Organisers of World Expo 2010 in Shanghai should consider building more bicycle paths, a visiting US professor told a forum in the city yesterday.

"When organisers design the plan for the Expo, they should take the future into consideration," Saskia Sassen, a professor of sociology at the University of Chicago, said.

"For example, they should think of future traffic in Shanghai, instead of traffic simply during the Expo.

"One key issue here is that we have to be economical about resources and energy. I hope the organisers will consider using solar energy and building more paths for bicycles."

Sassen told the Forum 2006 -- Expo 2010 Shanghai China that Shanghai is amazingly neat and orderly for a city undergoing such a major revamp.

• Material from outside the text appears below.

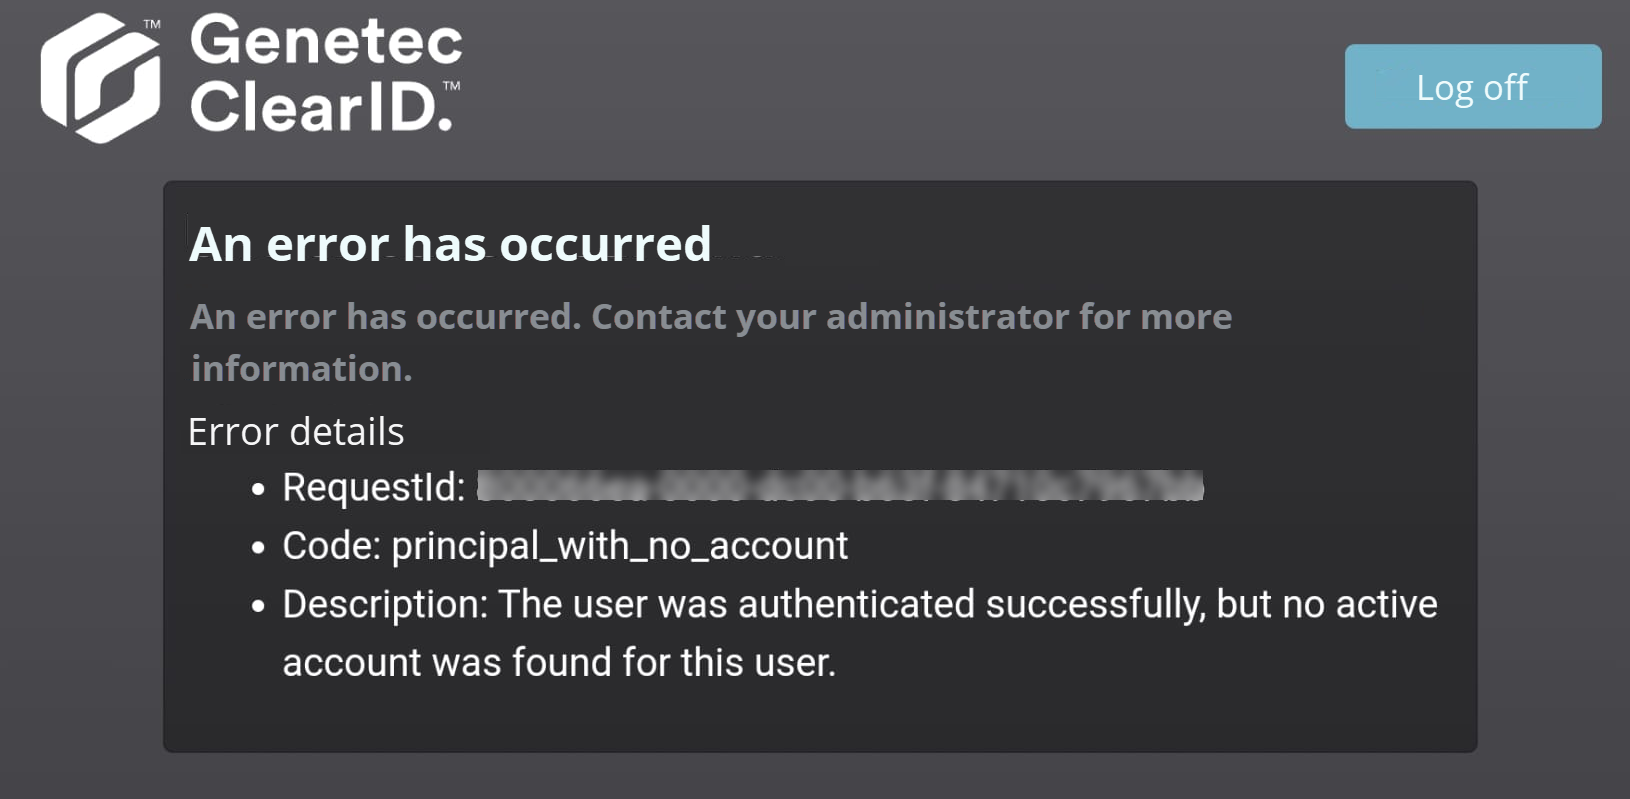 Se ha producido un error en ClearID que informa que no se encontró una cuenta activa del usuario.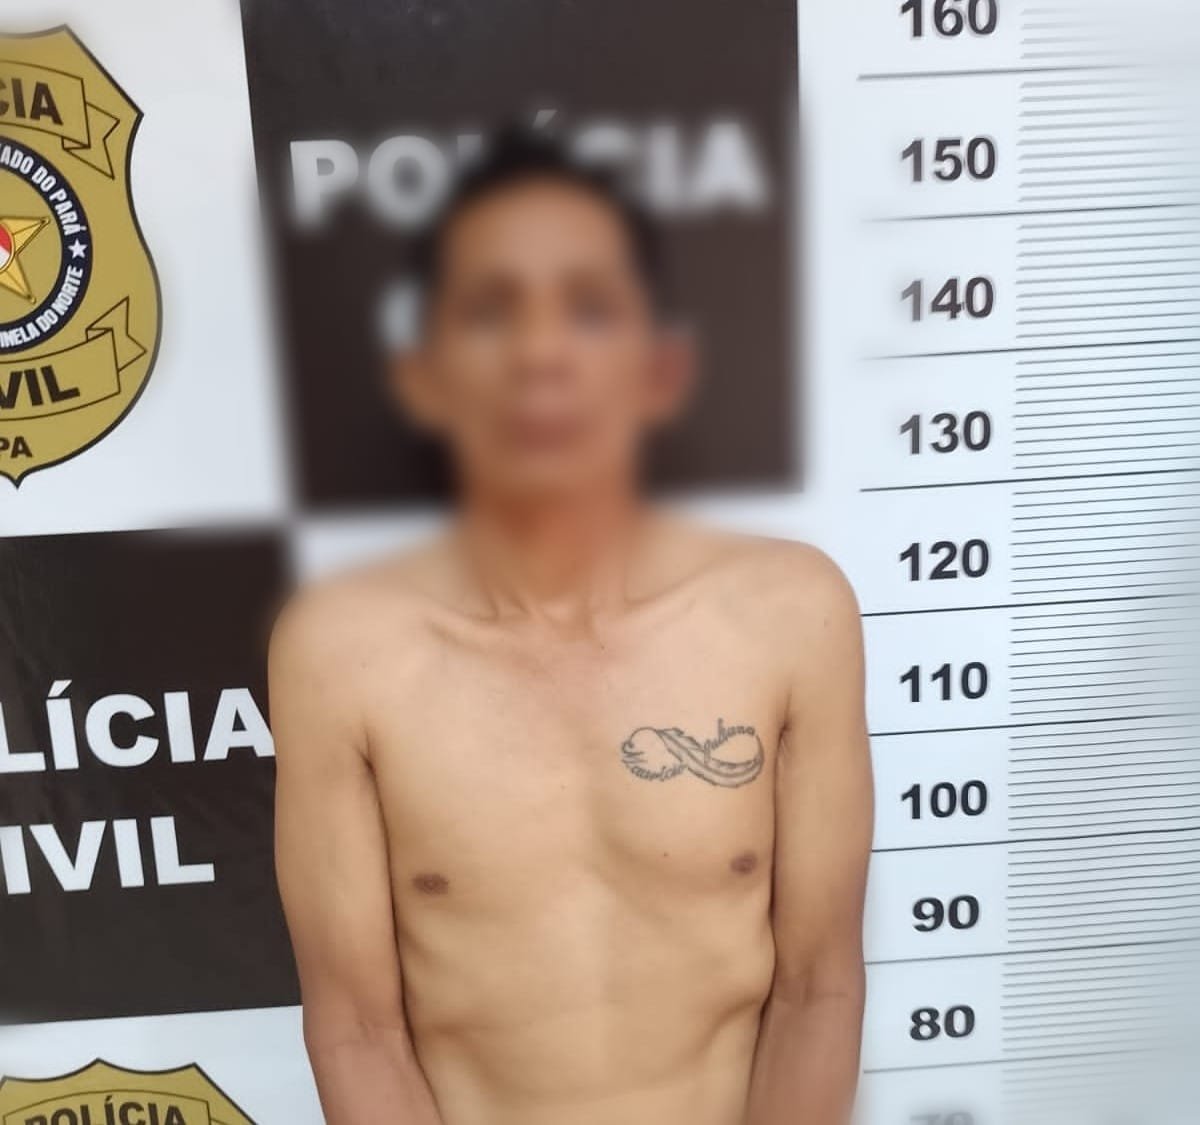 Peruano é preso por tentativa de furto com arrombamento em uma loja em Rurópolis, no PA 

"Shanghai is building roads, metro lines and other facilities at an incredible speed, but the city is still running well," said Sassen. "In comparison, some other foreign cities are in a mess while they don't have any new developments."

To Sassen, the most attractive part of World Expo is that it provides space for people to imagine. It is not only for participants to showcase their national pavilions or exhibits, but also present to the world new directions for evolvement.

She suggested Shanghai use all kinds of international activities to promote the Shanghai World Expo.

For example, the ongoing Venice Biennale of Architecture has served as a good platform. The Biennale selected 16 world-renowned cities, including Shanghai, and introduced them on big billboards in a 300-meter-long corridor near the exhibition site.

"Three thousand registered reporters from all over the world have come to the event to write about it. If they notice the billboard of Shanghai and see the information of World Expo on it, it will certainly raise global awareness of World Expo," Sassen said.

Saskia Sassen is the author most recently of "Territory, Authority, Rights: From Medieval to Global Assemblages" (Princeton University Press 2006). She has now completed for UNESCO a five-year project on sustainable human settlement for which she set up a network of researchers and activists in more than 30 countries; it is published as one of the volumes of the Encyclopedia of Life Support Systems (EOLSS) (Oxford, UK: EOLSS Publishers) [http://www.eolss.net ]. Her books are translated into 16 languages. The Shanghai Academy of Social Sciences has just published her book "The Global City" in Chinese. Her comments have appeared in The Guardian, The New York Times, Le Monde Diplomatique, the International Herald Tribune, Vanguardia, Clarin, the Financial Times, and others.